We know that this assistant was a surgeon himself, though his career was cut disastrously short by an accident involving a scalpel and his fingers. And he claims that it was Hesselius who helped him overcome his disability. Other than that, we have only his obvious, Watson-like devotion to Hesselius to judge him by. A phantom biographer for the phantom fighter, in other words.
Of the five stories in the collection (“Green Tea”, “The Familiar”, “Mr. Justice Harbottle”, “The Room in the Dragon Volant”, and “Carmilla”), Hesselius appears onstage only in the first, his involvement in the others being limited to pre-and-postscripts with his analysis and thoughts on the phenomena described.
However, it’s that very analysis that gives us a window into Hesselius’ character. For Hesselius, the occult is a science. He is a rational man in an irrational world, attempting to make that which he studies fit into its proper place. The unnatural explained as natural.
That said, Hesselius doesn’t do much in the way of face-to-face confrontation with the unnatural. He only investigates the proceedings after the fact, acting less as an investigator, and more a dedicated archaeologist of the extraordinary.
This image of Hesselius as the curious practitioner dominates the brief glimpses we get of him in Le Fanu’s writing. In “Green Tea”, the story is told in epistolary form, via Hesselius’ letters to a colleague on the strange events surrounding the opening of a hapless country vicar’s ‘third eye’ and the demonic incursion that results.
Hesselius approaches the case as a medical issue first, then, later, as a psychological one. Despite his belief – or perhaps because of it – that an infernal force is at work, Hesselius contends that the problem can be dealt with as easily as any other physical or mental ailment. With the right type of treatment, even demonic possession can prove curable.
It is this belief on the part of the character that truly sets him apart from other occult investigators. For Hesselius, spirits, demons, vampires, are all merely categories of disease, albeit of the soul, rather than body or mind, and can be combated as such.
Hesselius strips the glamour from the supernatural, rendering it natural, and thus no longer frightening to either its victims or the reader.
The style in which Le Fanu composed the Hesselius stories does much to add to this sensation of the unnatural as natural. There’s a particular dryness to the stories, as if they were being recounted from a distance, by a disinterested third party.
The supernatural occurrences are given full shrift, but never amplified. Le Fanu, and by extension Hesselius, was seemingly less interested in chilling the reader’s marrow, as merely making them aware of the happenings themselves as points of intellectual curiosity.

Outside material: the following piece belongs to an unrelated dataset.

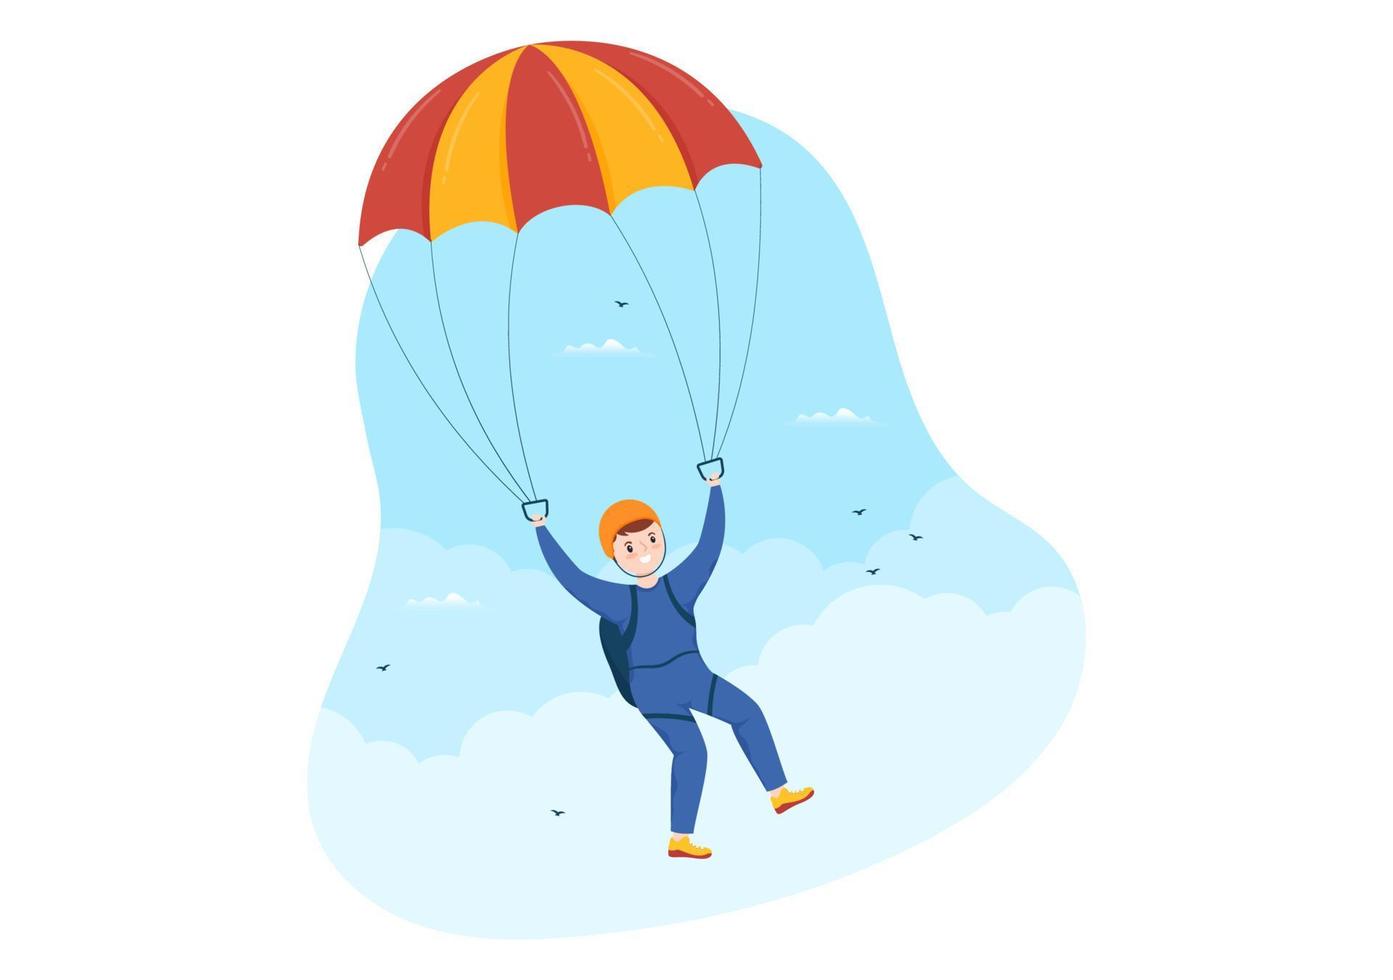 ilustración de paracaidismo con paracaidistas que usan paracaídas y salto del cielo para actividades al aire libre en plantillas dibujadas a mano de dibujos animados de deportes extremos planos vector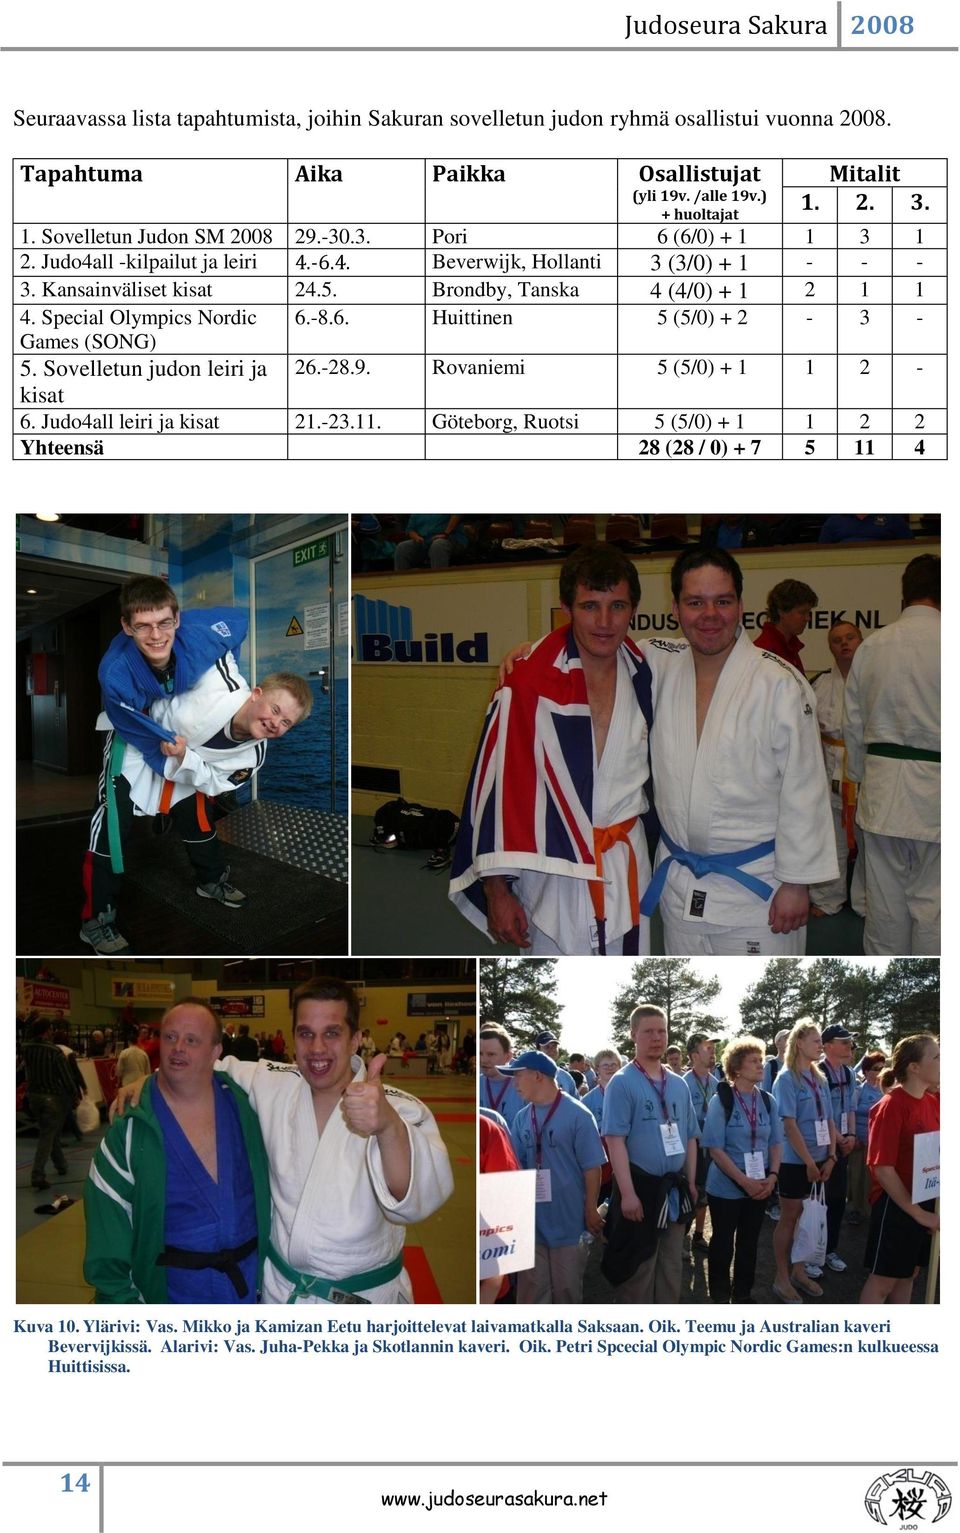 Special Olympics Nordic 6.-8.6. Huittinen 5 (5/0) + 2-3 - Games (SONG) 5. Sovelletun judon leiri ja 26.-28.9. Rovaniemi 5 (5/0) + 1 1 2 - kisat 6. Judo4all leiri ja kisat 21.-23.11.

While this has the effect of limiting the visceral excitement of the stories, this approach also makes Hesselius and his strange cases seem altogether more credible. Unlike other, later occult investigators, Hesselius never gives the impression that he views his world in terms of good and evil. Rather, merely in terms of health and illness.
That makes him a more comforting figure than his literary descendants. If Van Helsing and his ilk are the paladins of night’s shadowed reaches, fearlessly plunging into the dark to combat the horrors therein, then Hesselius is the kindly old man who thinks to merely bring a torch and show the reader that things aren’t really as bad as all that, after all.